In 1 Corinthians 12 the apostle Paul writes, “God has set the members, each one of them, in the body just as He pleased. And if they were all one member, where would the body be? But now indeed there are many members, yet one body. And the eye cannot say to the hand, “I have no need of you”; nor again the head to the feet, “I have no need of you.” No, much rather, those members of the body which seem to be weaker are necessary. And those members of the body which we think to be less honorable, on these we bestow greater honor; and our unpresentable parts have greater modesty, but our presentable parts have no need. But God composed the body, having given greater honor to that part which lacks it, that there should be no schism in the body, but that the members should have the same care for one another. And if one member suffers, all the members suffer with it; or if one member is honored, all the members rejoice with it. - 1 Corinthians 12:18-26

It goes without saying that our God doesn’t make mistakes. He placed every member in the body where He wants them where they can make a contribution. That contribution may be obvious to others, but for many, it might remain largely unseen, maybe even hidden under a shoe.

At my workplace, I lead a technical platform support team. Now, I think my team performs one of the most important roles in the company, and I tell them so often. But the truth is, if they are doing their job well, they don’t get a lot of attention. They don’t receive a great deal of praise or recognition. If they did, that wouldn’t necessarily be a good thing—it would mean something is likely not working as it should. So they just go about doing their thing, day after day, week after week, month after month, year after year, operating in the shadows of the organization. I guess you could say they are faithful.

I occasionally hear brethren in the faith express discouragement because they feel they don’t have any gifts, that they don’t make a worthwhile contribution. But that flies in the face of what God, through Paul, clearly tells us.

Everyone has a purpose, even if it doesn't seem obvious to you.

Paul writes here in 1 Corinthians that God bestows greater honor on members we might think are less honorable. Why? So that there would be no schism, no division, in the body. Now, you may not be an eye, or a nose, or a mouth, but without that pinky toe to keep the body in balance, those “greater members” could potentially go wandering into the street, or worse, trip and crash into the pavement. God honors the role you play in His body, whatever form it takes.
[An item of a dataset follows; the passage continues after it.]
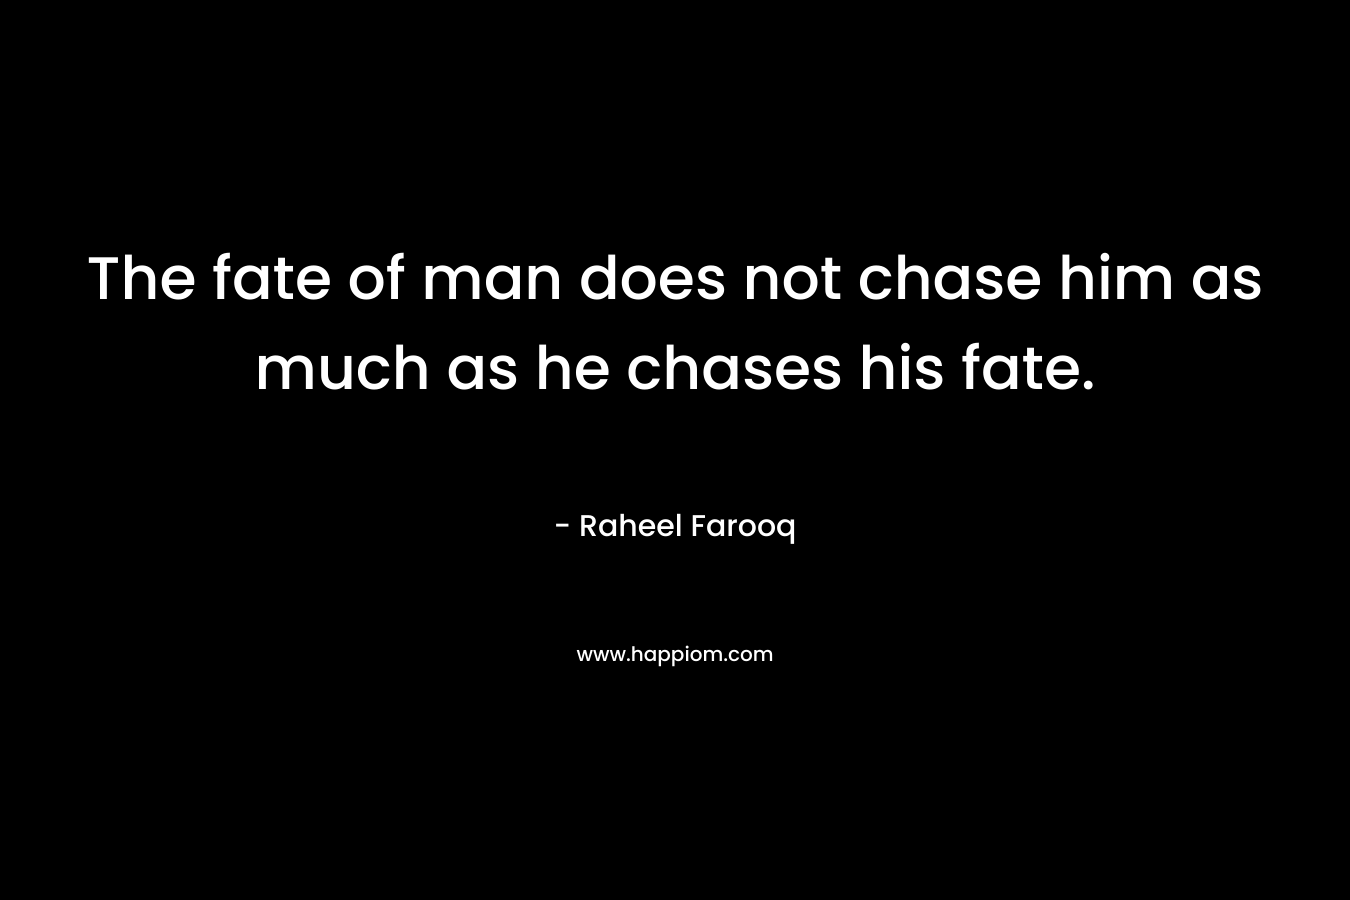 The fate of man does not chase him as much as he chases his fate. – Raheel Farooq

Perhaps that role is that of an encourager. Maybe it is in the offering of effectual, fervent prayer for others. Or perhaps it’s the example you set of simply showing up faithfully week after week, month after month, year after year. 

Whatever that thing is, don’t undersell it. God has set you in the body where it has pleased Him. 

Your faithfulness makes a difference. It matters. You matter. Even if you are only a pinky toe.